(Supplied material begins)

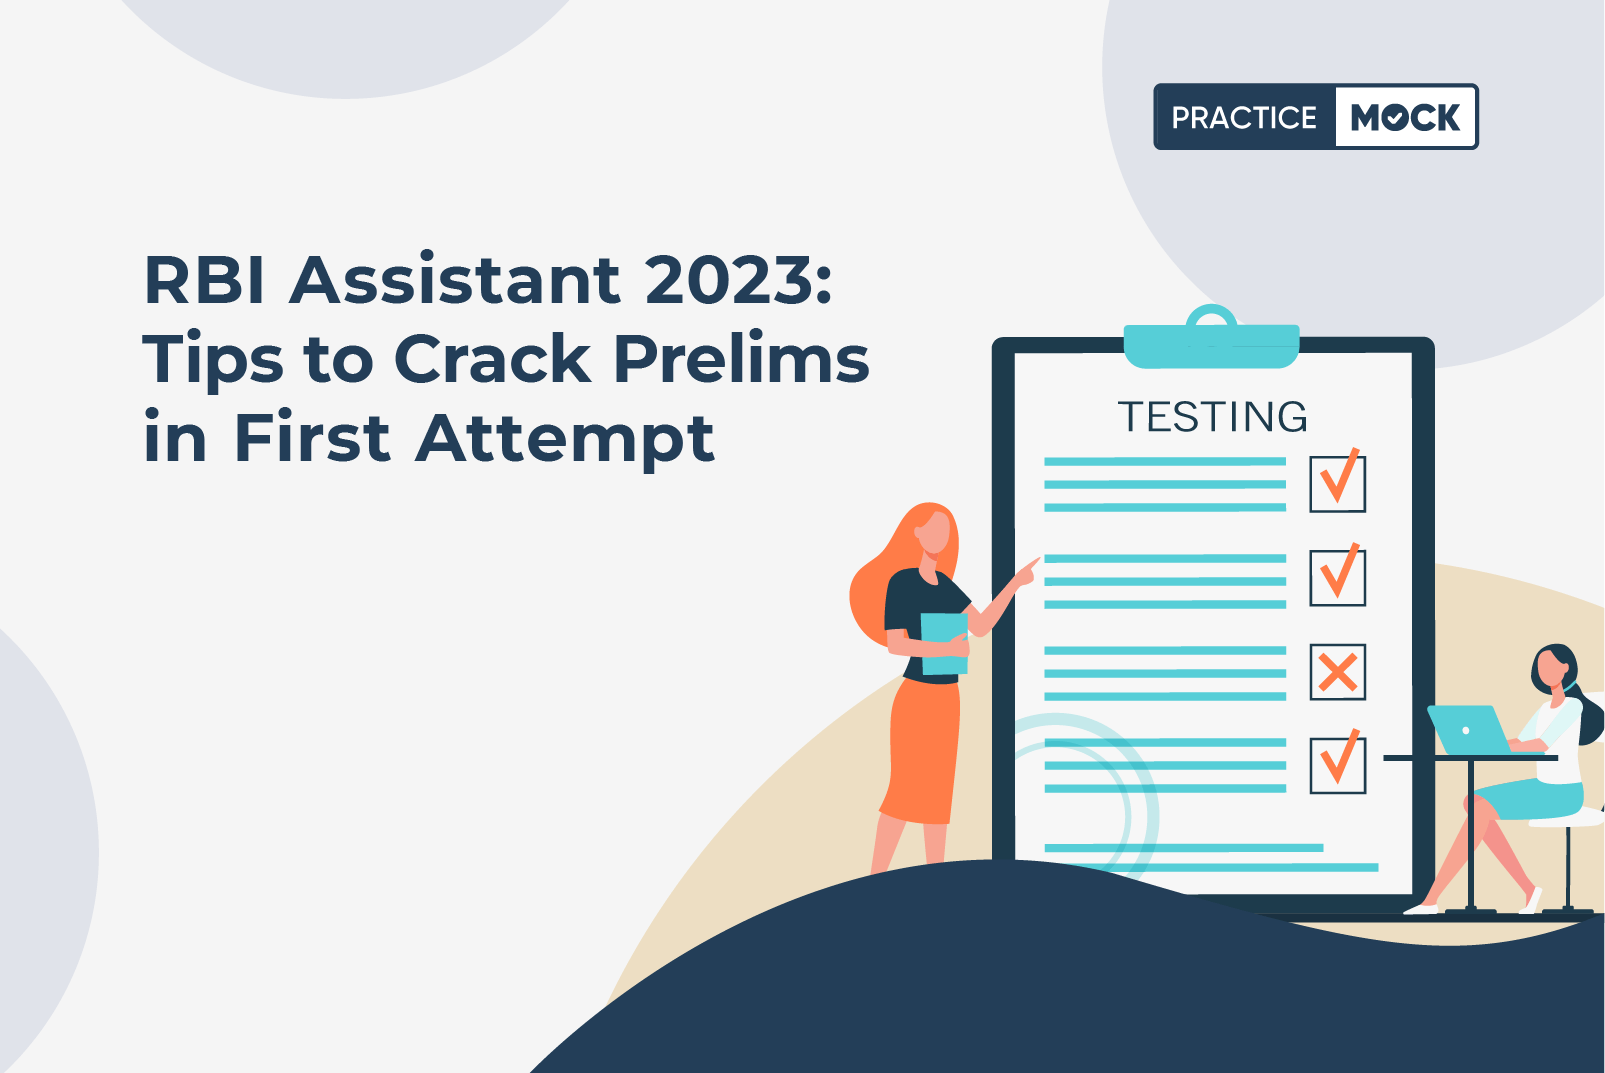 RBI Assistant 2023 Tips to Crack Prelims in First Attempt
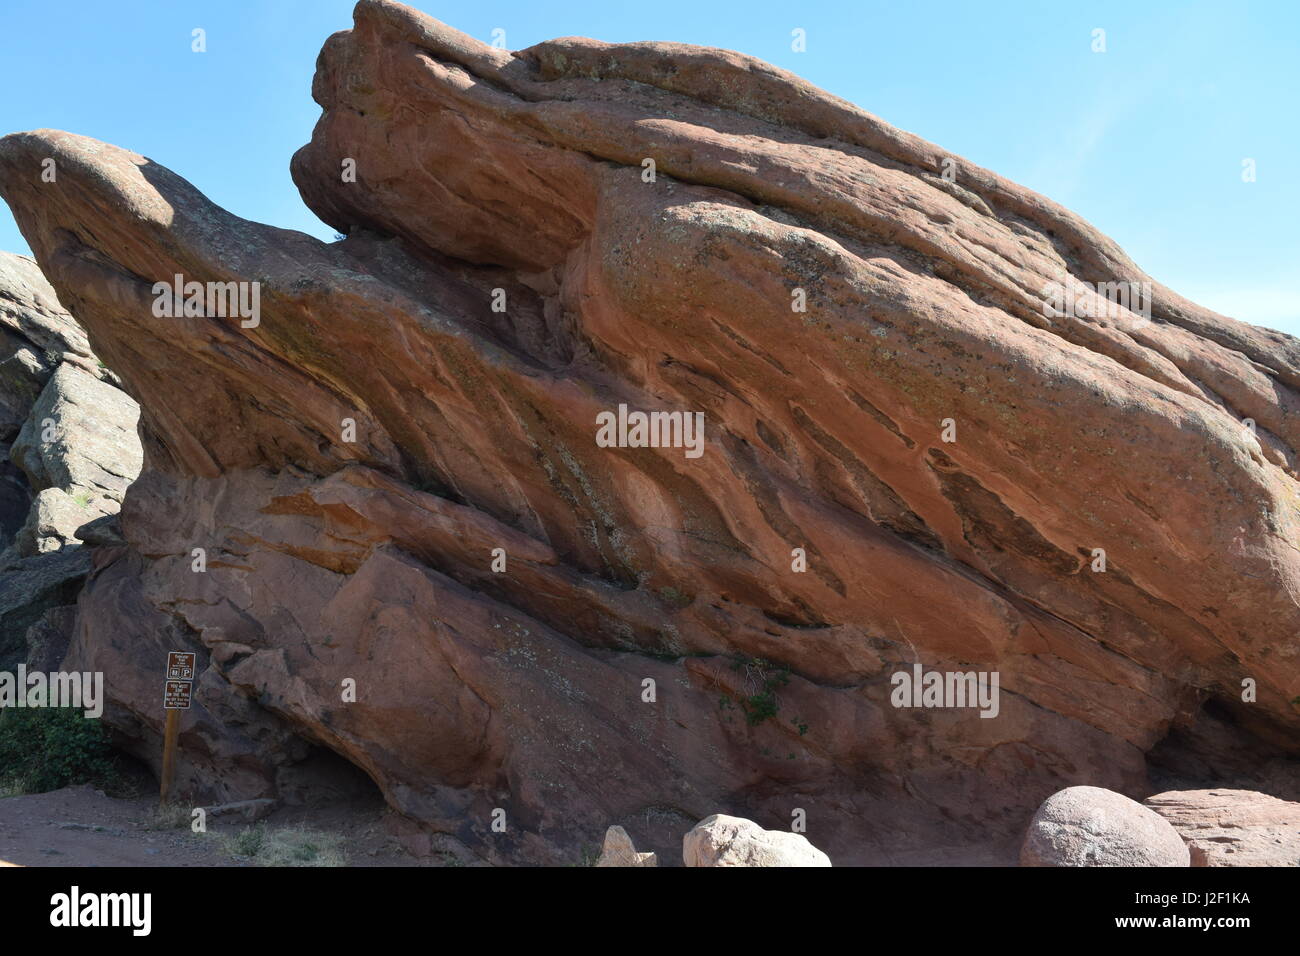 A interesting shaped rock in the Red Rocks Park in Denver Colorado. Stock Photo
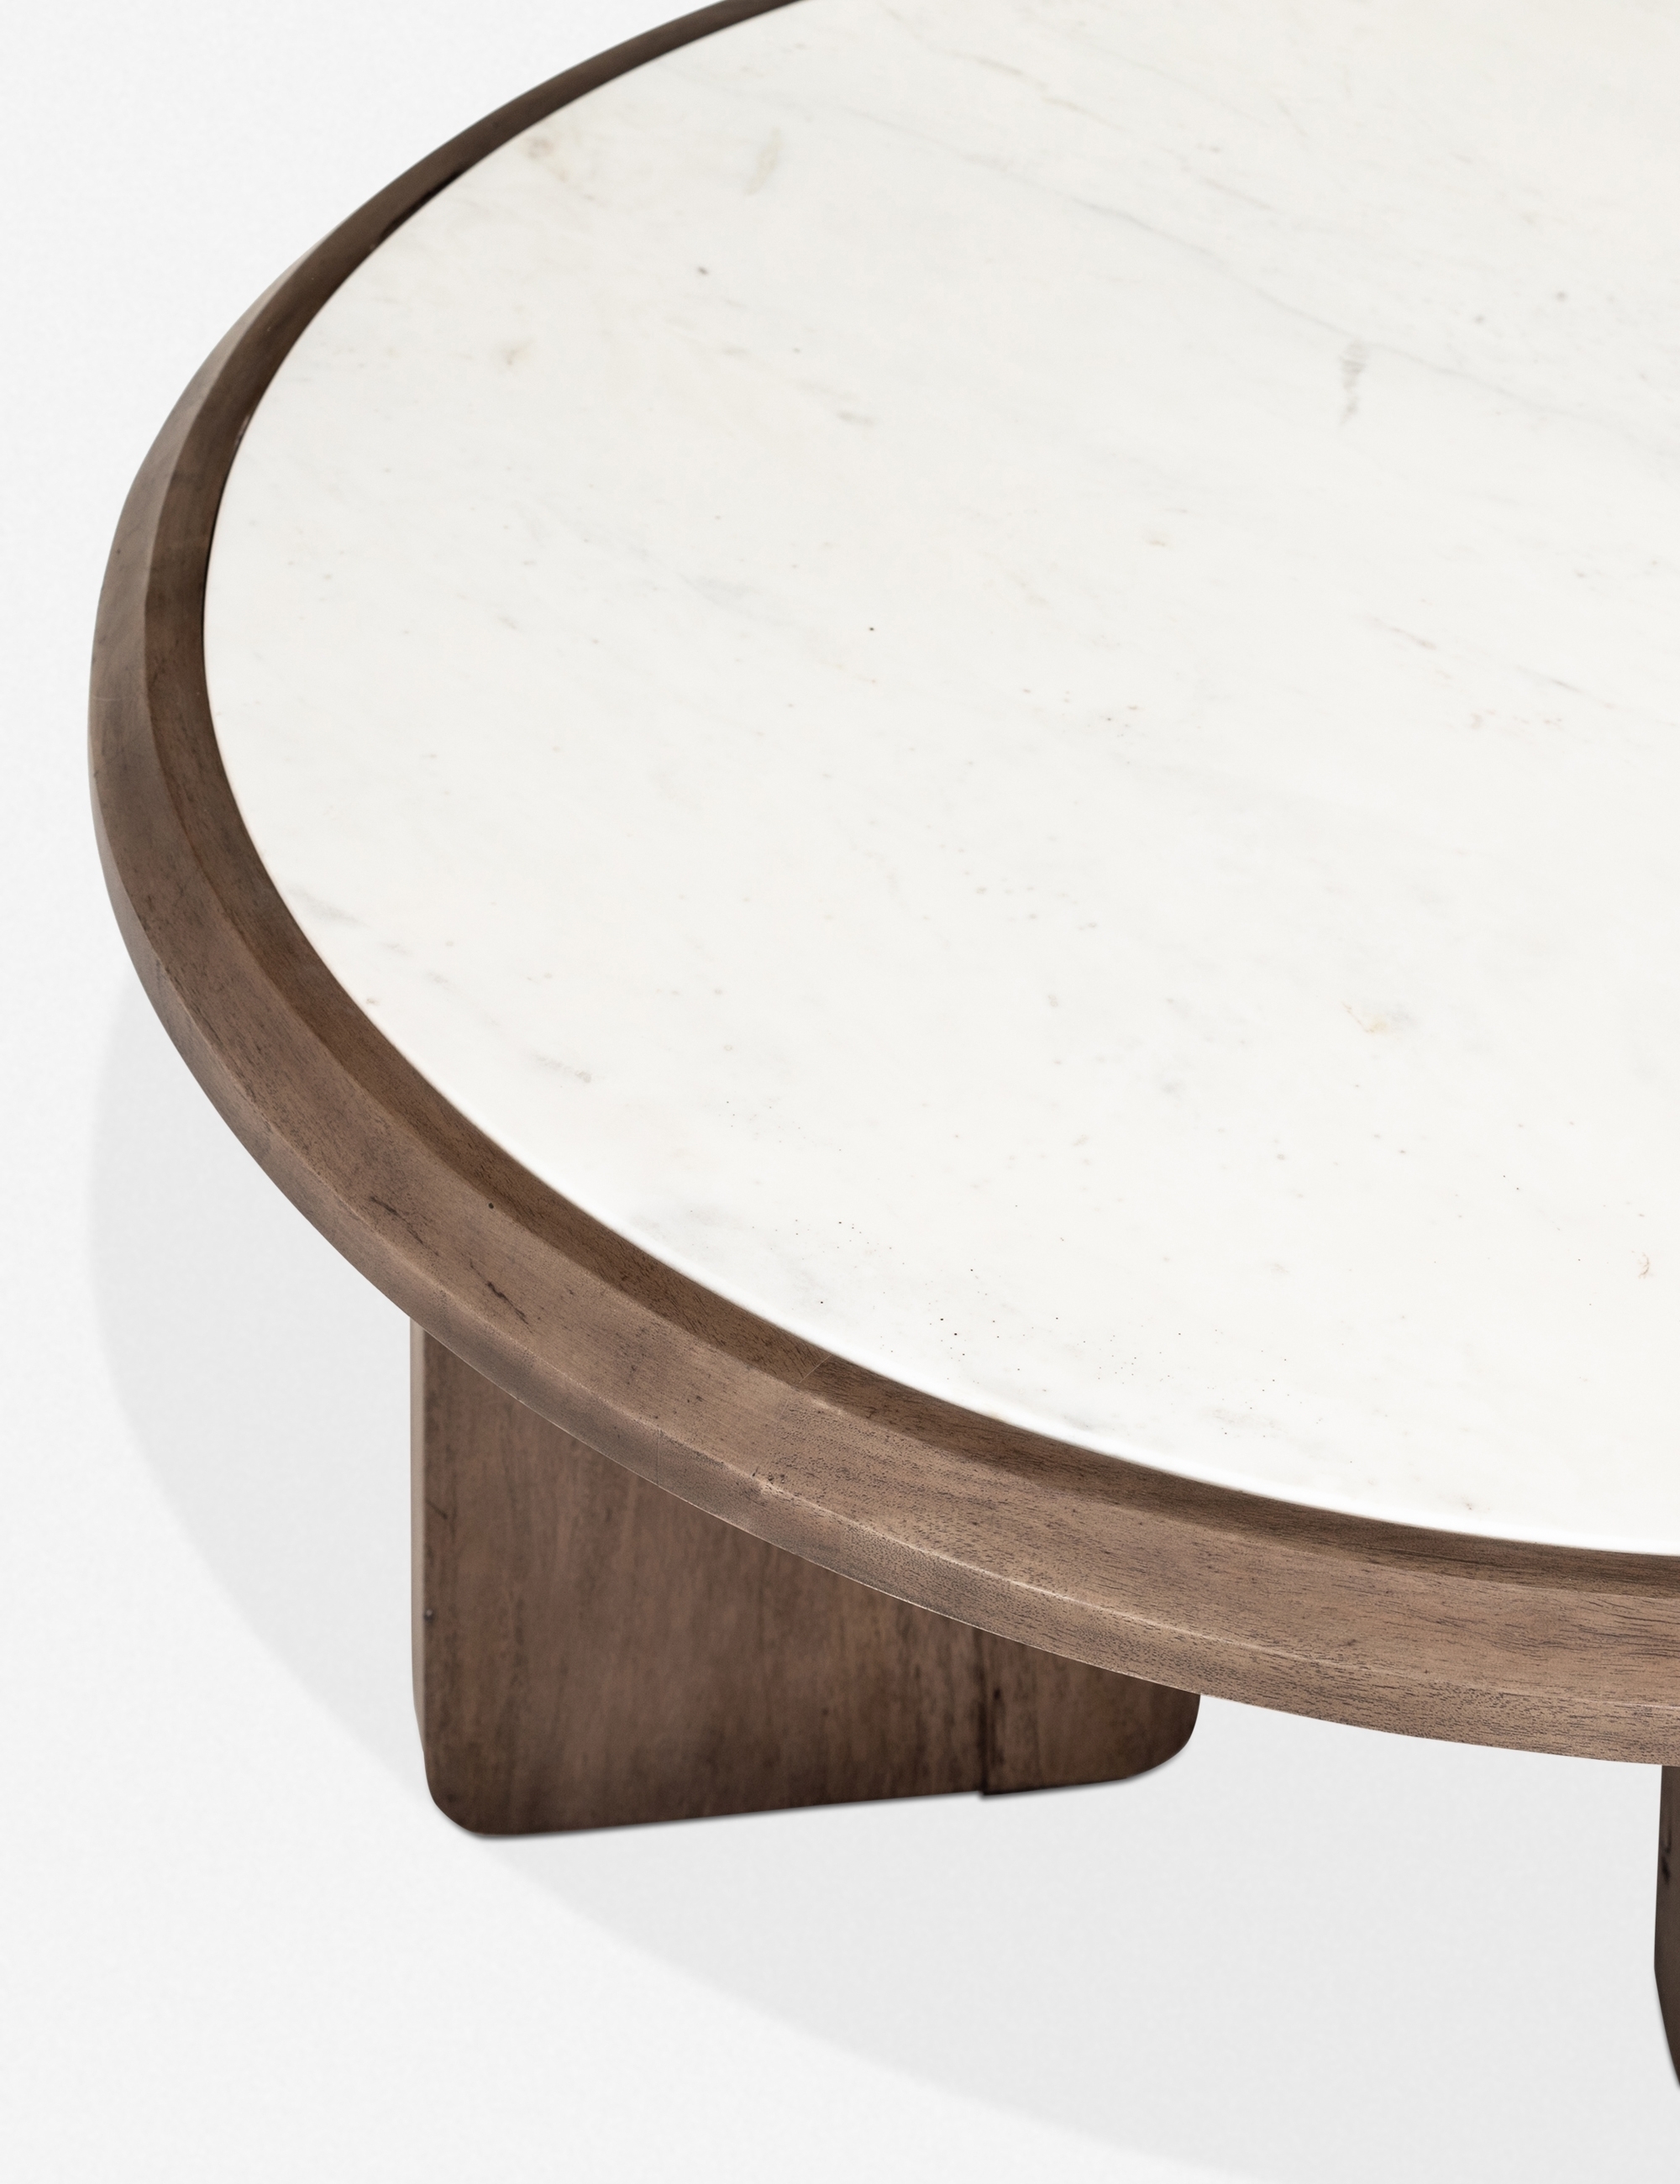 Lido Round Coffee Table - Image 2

(Supplied material ends)

* **Exercise aim**: The result is an exact copy of the lines from the one holding "A interesting shaped" through the final line of the data above, both ends included, minus the pictures.

* **Output of the task**:
 A interesting shaped rock in the Red Rocks Park in Denver Colorado. Stock Photo
 Lido Round Coffee Table - Image 2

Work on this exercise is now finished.